Doing some archeology, we find at one point in time pretrained_lm
was removed from the training args before evaluation.
commit 1640ce0d97f9801695c1b2241ad6c29608e5f1e9
Author: Daniel Lawson <[email protected]>
Date: Wed Jun 28 12:39:12 2023 -0400
added init
---
eval.py | 2 ++
1 file changed, 2 insertions(+)
diff --git a/eval.py b/eval.py
index f463c4e..8eaa8c8 100644
--- a/eval.py
+++ b/eval.py
@@ -24,6 +24,8 @@ def main(args):
args_path = args.args_path
training_args = json.load(open(args_path, 'r'))
+ if 'pretrained_lm' in training_args:
+ del training_args['pretrained_lm']
# update args with eval_args
for k, v in args.items():
That change was then modified to only delete the --pretrained_lm
argument if --lora
was passed.
commit ec4a486afc069f02c572c18cf73199223e0f1a8a
Author: Daniel Lawson <[email protected]>
Date: Mon Jul 3 01:47:41 2023 -0400
fixed eval afer lora
---
eval.py | 14 ++++++++++++--
1 file changed, 12 insertions(+), 2 deletions(-)
diff --git a/eval.py b/eval.py
index 9be6c83..0c827eb 100644
--- a/eval.py
+++ b/eval.py
@@ -6,6 +6,8 @@ import time
import numpy as np
import torch
+from peft import LoraConfig, TaskType, get_peft_model
+
from gato.utils.utils import DotDict
from gato.policy.gato_policy import GatoPolicy
from gato.envs.setup_env import load_envs
@@ -24,8 +26,8 @@ def main(args):
args_path = args.args_path
training_args = json.load(open(args_path, 'r'))

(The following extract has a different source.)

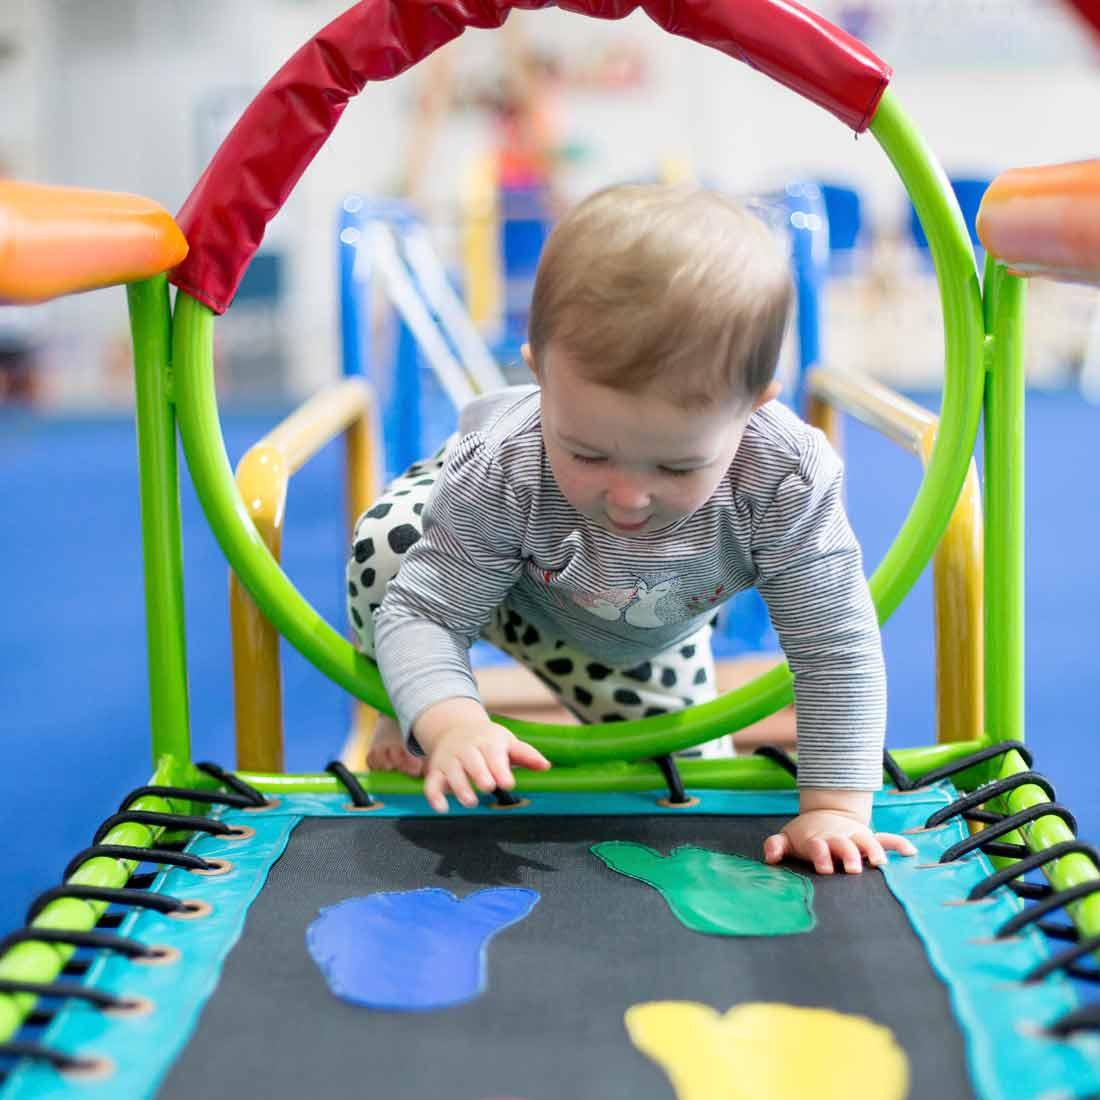 Seacliff KinderGym BabyGym

- if 'pretrained_lm' in training_args:
- del training_args['pretrained_lm']
+ if not ('lora' in training_args and training_args['lora']):
+ training_args['pretrained_lm'] = None
# update args with eval_args
for k, v in args.items():
@@ -72,7 +74,15 @@ def main(args):
use_patch_pos_encoding=not eval_args.disable_patch_pos_encoding,
use_pos_encoding=not eval_args.disable_inner_pos_encoding,
activation_fn=eval_args.activation_fn,
+ pretrained_lm=eval_args.pretrained_lm,
+ flash=eval_args.flash
)
+
+ if eval_args.get('lora', False):
+ assert eval_args.pretrained_lm is not None, 'Must specify pretrained LM for LORA'
+ peft_config = LoraConfig(task_type=TaskType.CAUSAL_LM, inference_mode=False, r=eval_args.lora_r, lora_alpha=eval_args.lora_alpha, lora_dropout=eval_args.lora_dropout)
+ model.transformer = get_peft_model(model.transformer, peft_config)
+
model.load_state_dict(gato_checkpoint)
model = model.to(eval_args.device)
model.device = eval_args.device
The logic explicitly raises if lora
_, and not pretrained_lm
.
The logic implicitly fails if pretrained_lm
and not lora
.
I'm not sure if that's purposeful or accidental. I don't know much about lora and how it interacts with the model. I'm guessing it's fine to run pretrained_lm
without lora
.
Just logging this right now as research/investigation notes to pick back up later.